Recorded data:
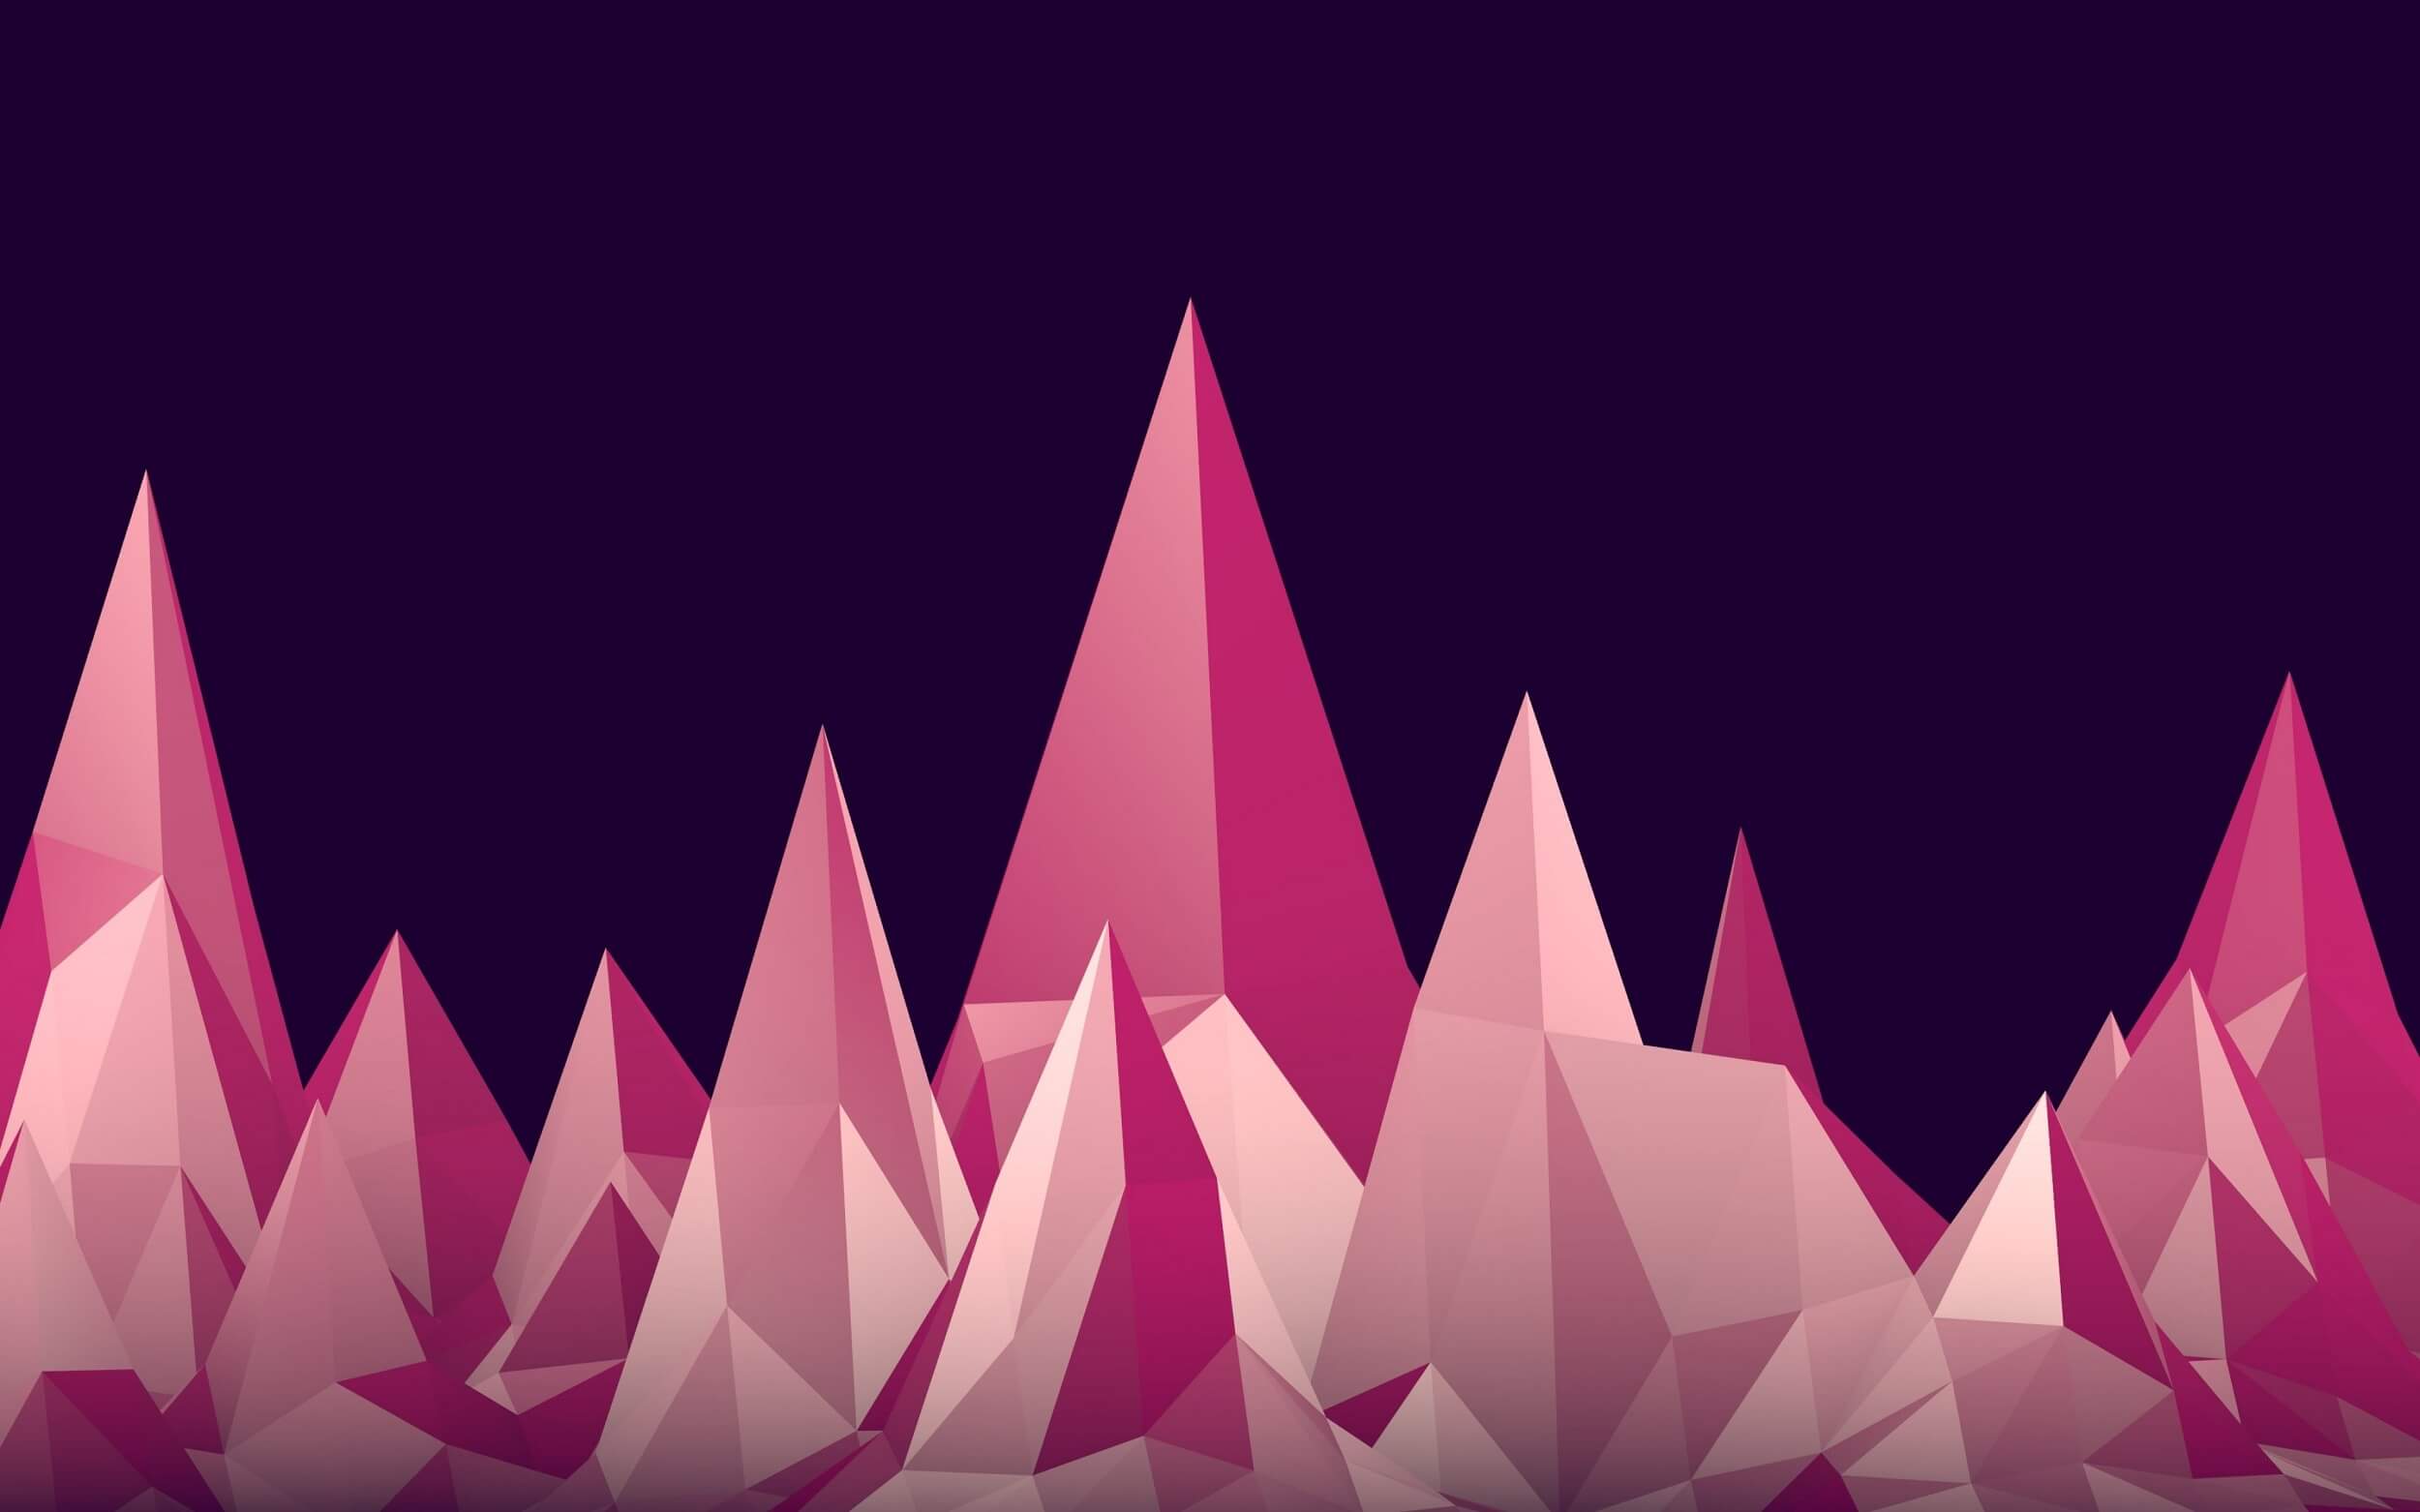 Low Poly Art Wallpapers
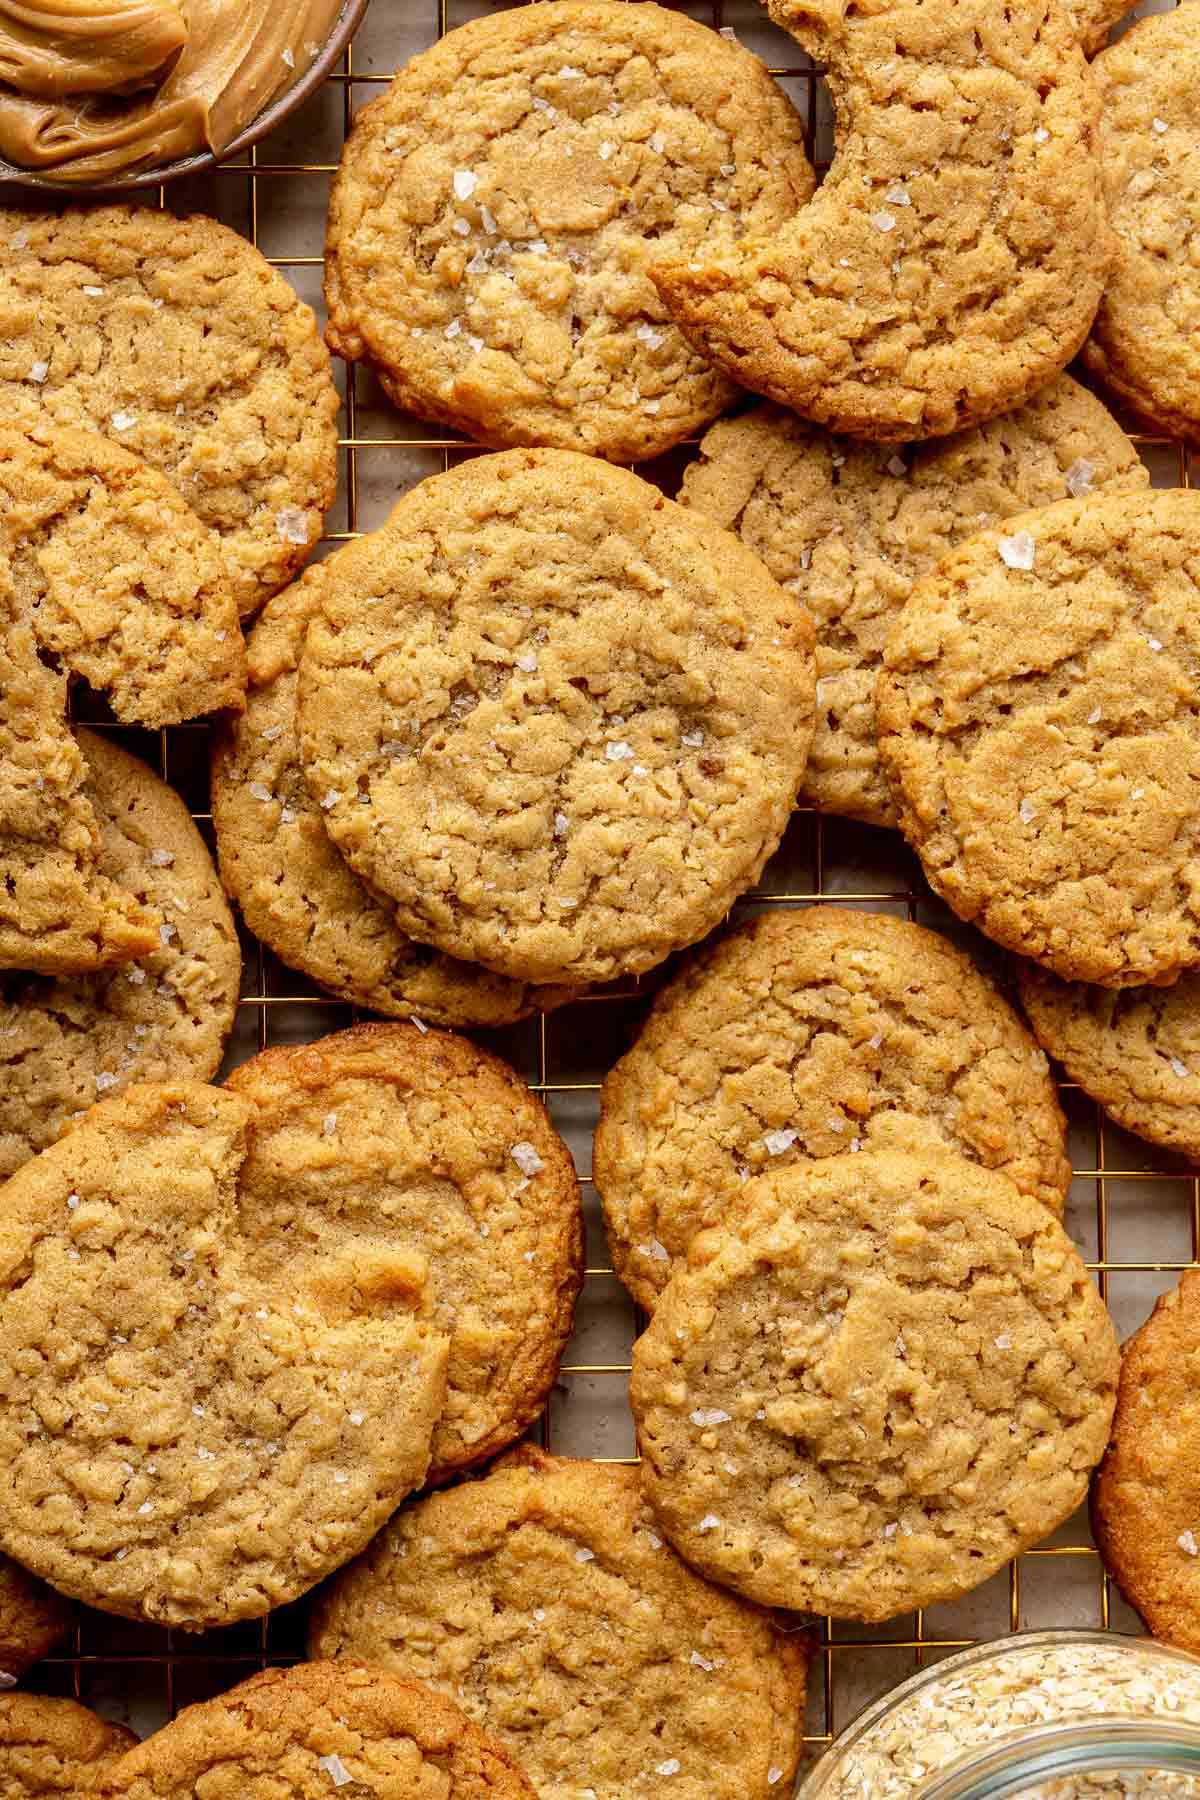 Peanut butter oatmeal cookies stacked on a parchment paper.
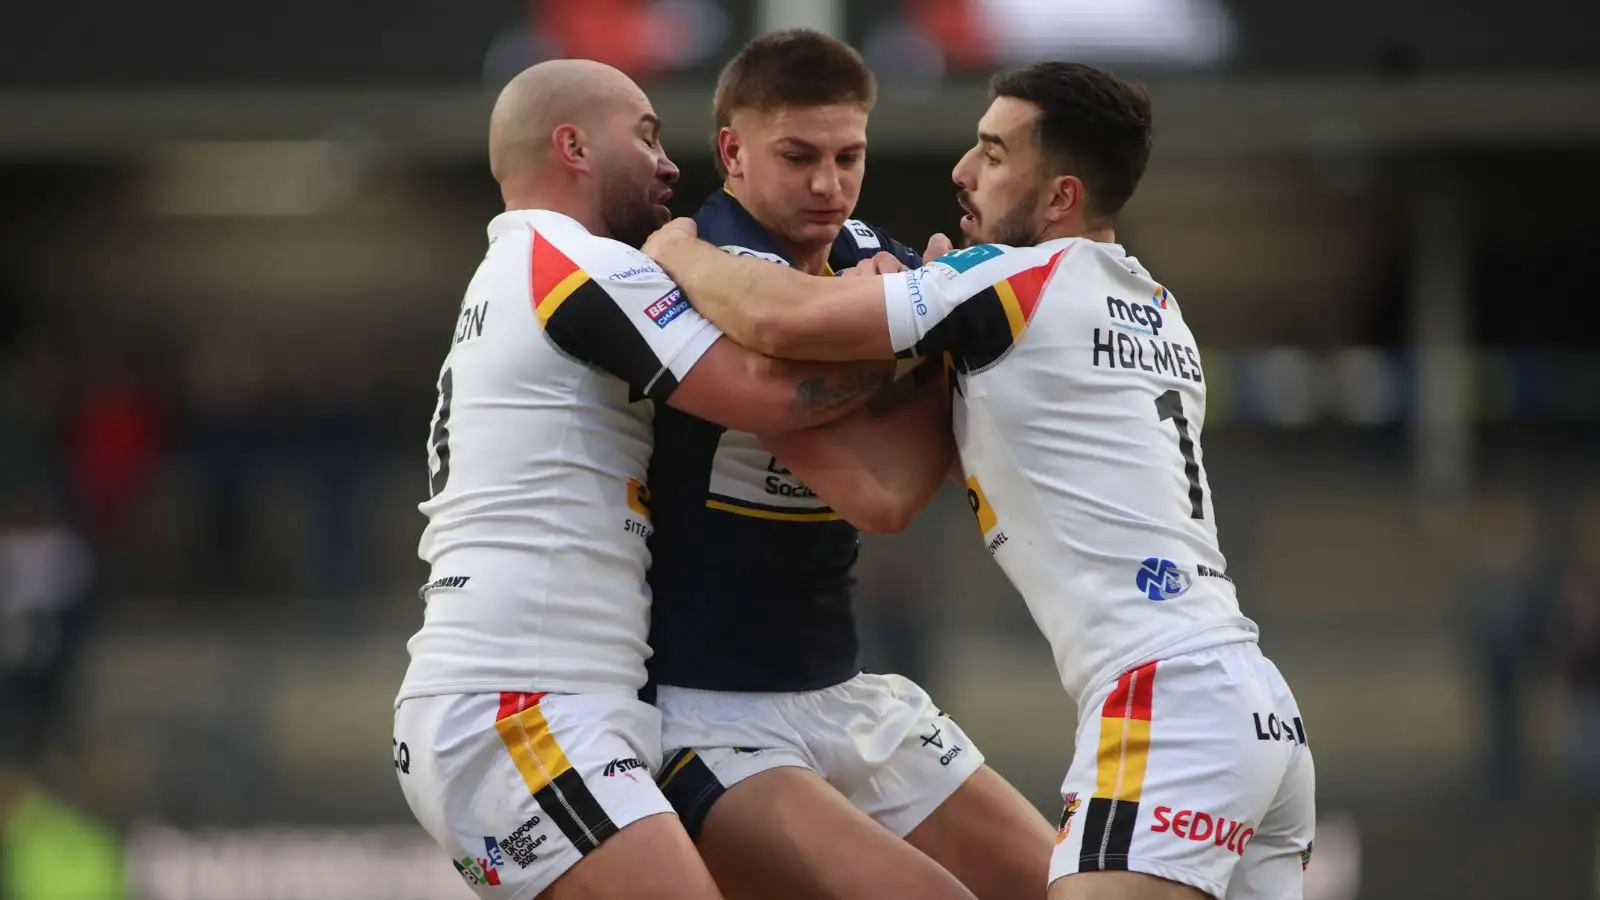 Bradford Bulls’ Tom Holmes issues positive health update: ‘Best get myself some new boots!’
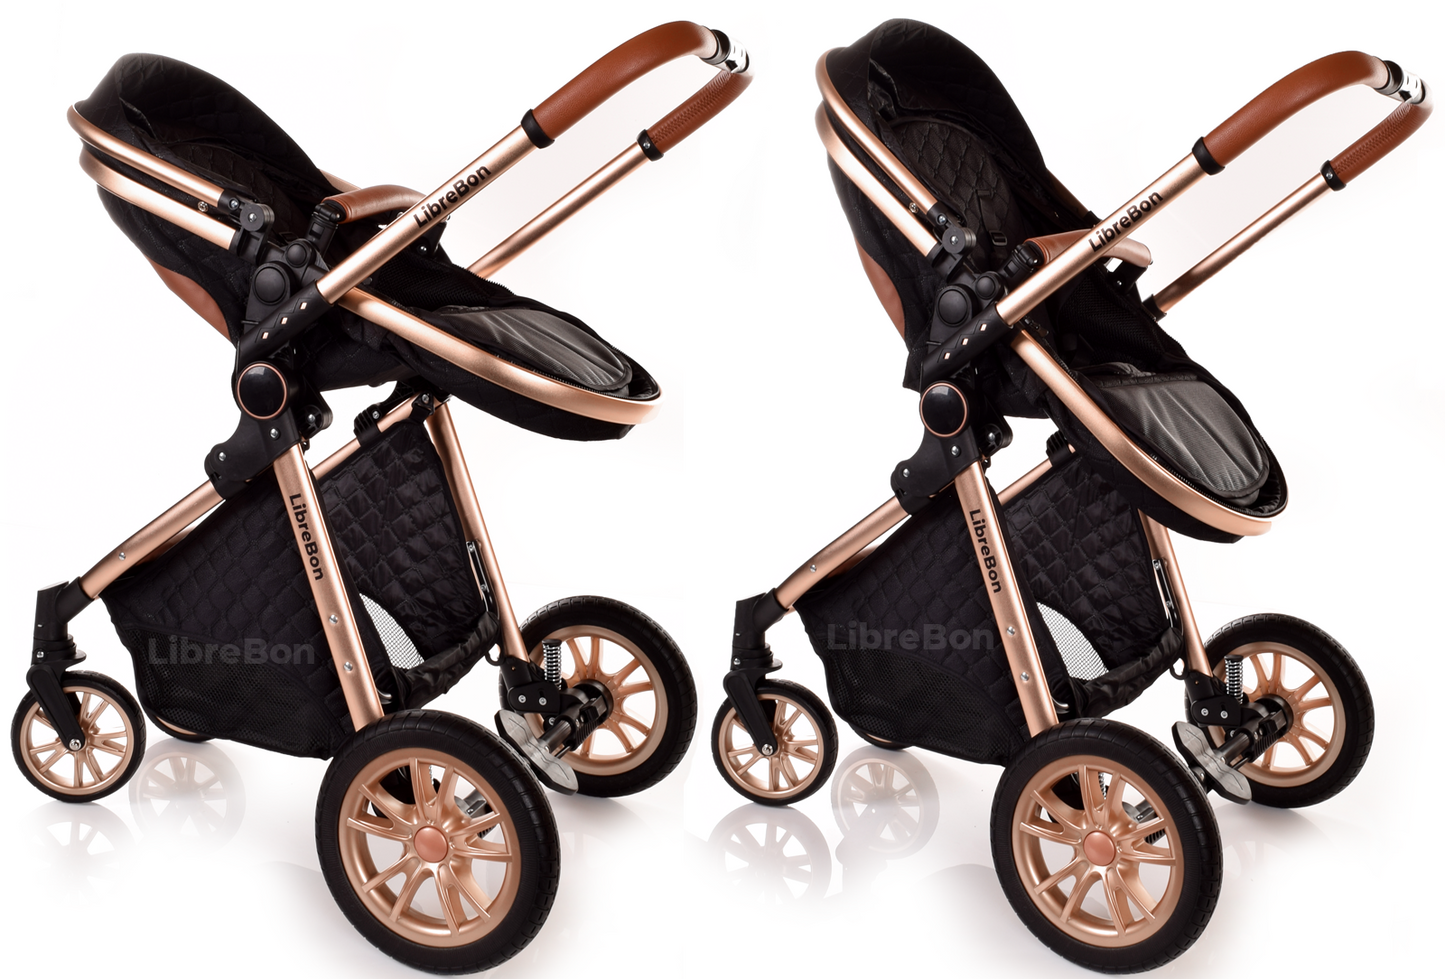 Baby Pram Buggy Travel System With Car Seat Black

Task goal: Leave out the pictures. Transcribe the rest of the listing above exactly.

Task solution:
 Low Poly Art Wallpapers
 Peanut butter oatmeal cookies stacked on a parchment paper.
 Bradford Bulls’ Tom Holmes issues positive health update: ‘Best get myself some new boots!’
 Baby Pram Buggy Travel System With Car Seat Black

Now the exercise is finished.